The most efficient way would be just to iterate over the string until you find a non-digit character. If there are any non-digit characters, you can consider the string not a number.

bool is_number(const std::string& s)

{

std::string::const_iterator it = s.begin();

while (it != s.end() && std::isdigit(*it)) ++it;

return !s.empty() && it == s.end();

}

Or if you want to do it the C++11 way:

bool is_number(const std::string& s)

{

return !s.empty() && std::find_if(s.begin(),

s.end(), [](unsigned char c) { return !std::isdigit(c); }) == s.end();

}

As pointed out in the comments below, this only works for positive integers. If you need to detect negative integers or fractions, you should go with a more robust library-based solution.

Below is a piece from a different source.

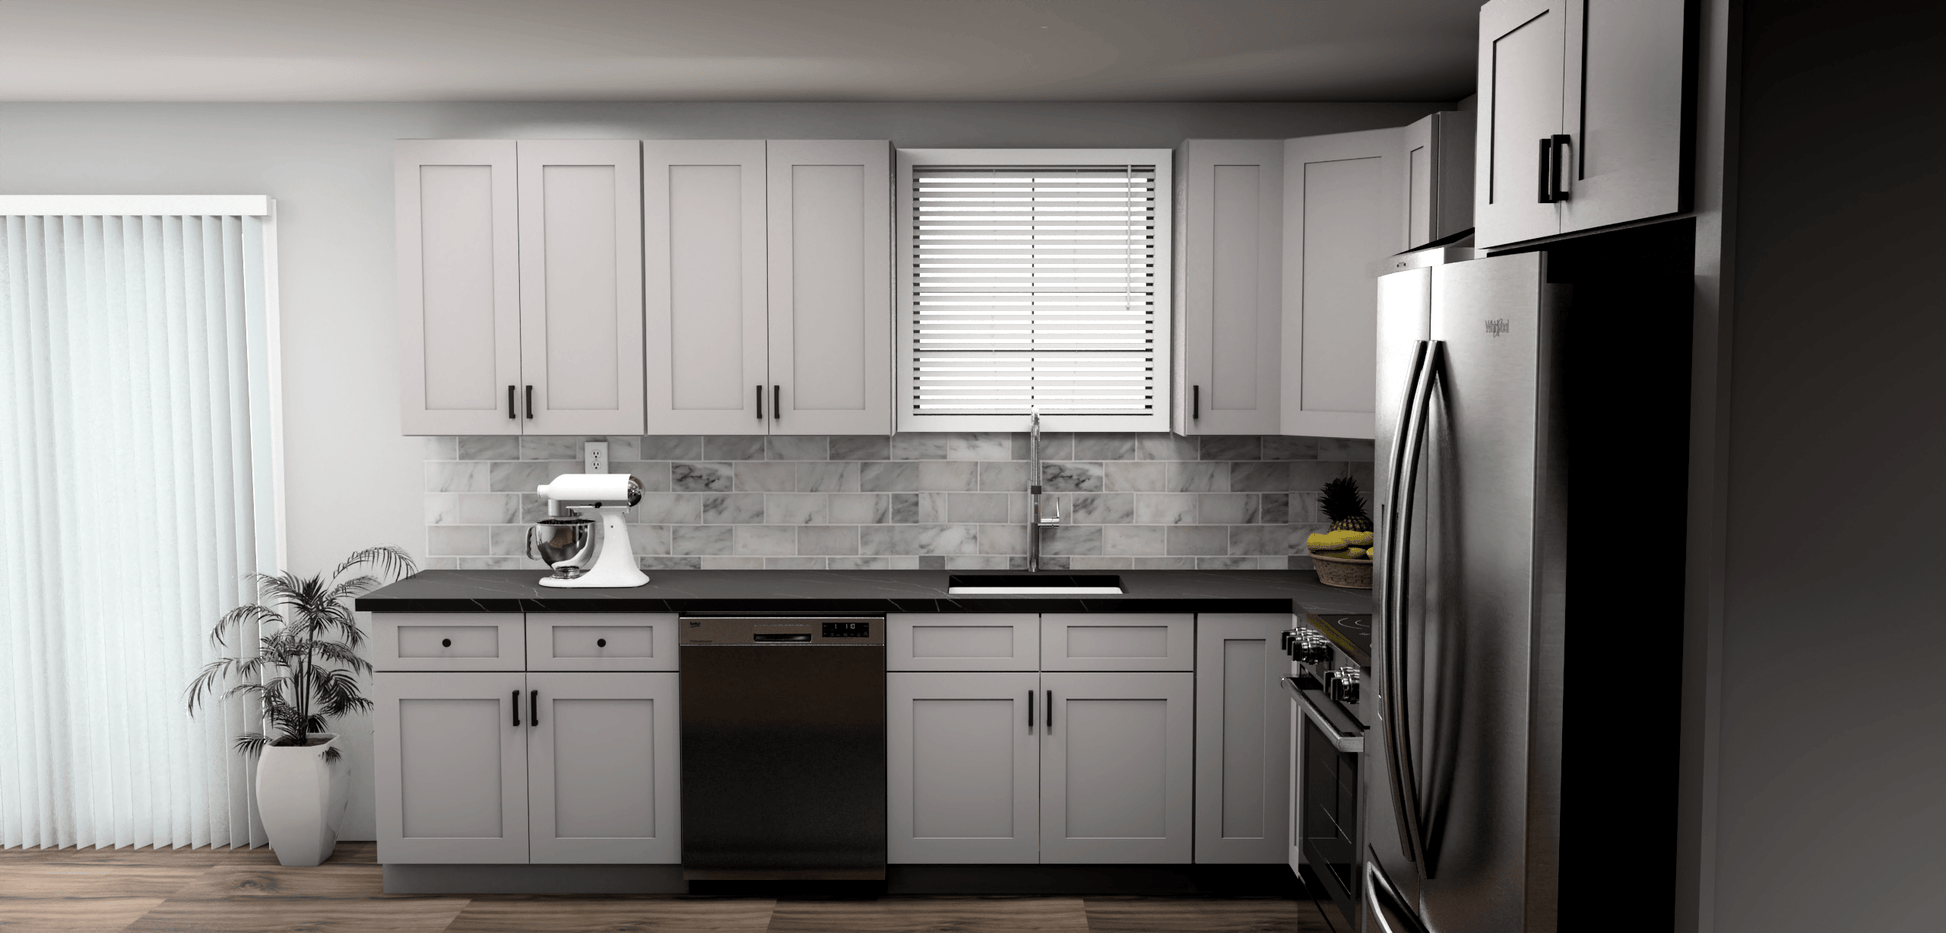 Fabuwood Allure Galaxy Nickel 11 x 11 L Shaped Kitchen Side Layout Photo

Although, adding support for negative integers is pretty trivial.

Why reinvent the wheel? The C standard library (available in C++ as well) has a function that does exactly this:

char* p;

long converted = strtol(s, &p, 10);

if (*p) {

// conversion failed because the input wasn’t a number

}

else {

// use converted

}

If you want to handle fractions or scientific notation, go with strtod instead (you’ll get a double result).

If you want to allow hexadecimal and octal constants in C/C++ style (“0xABC”), then make the last parameter 0 instead.

Your function then can be written as

bool isParam(string line)

{

char* p;

strtol(line.c_str(), &p, 10);

return *p == 0;

}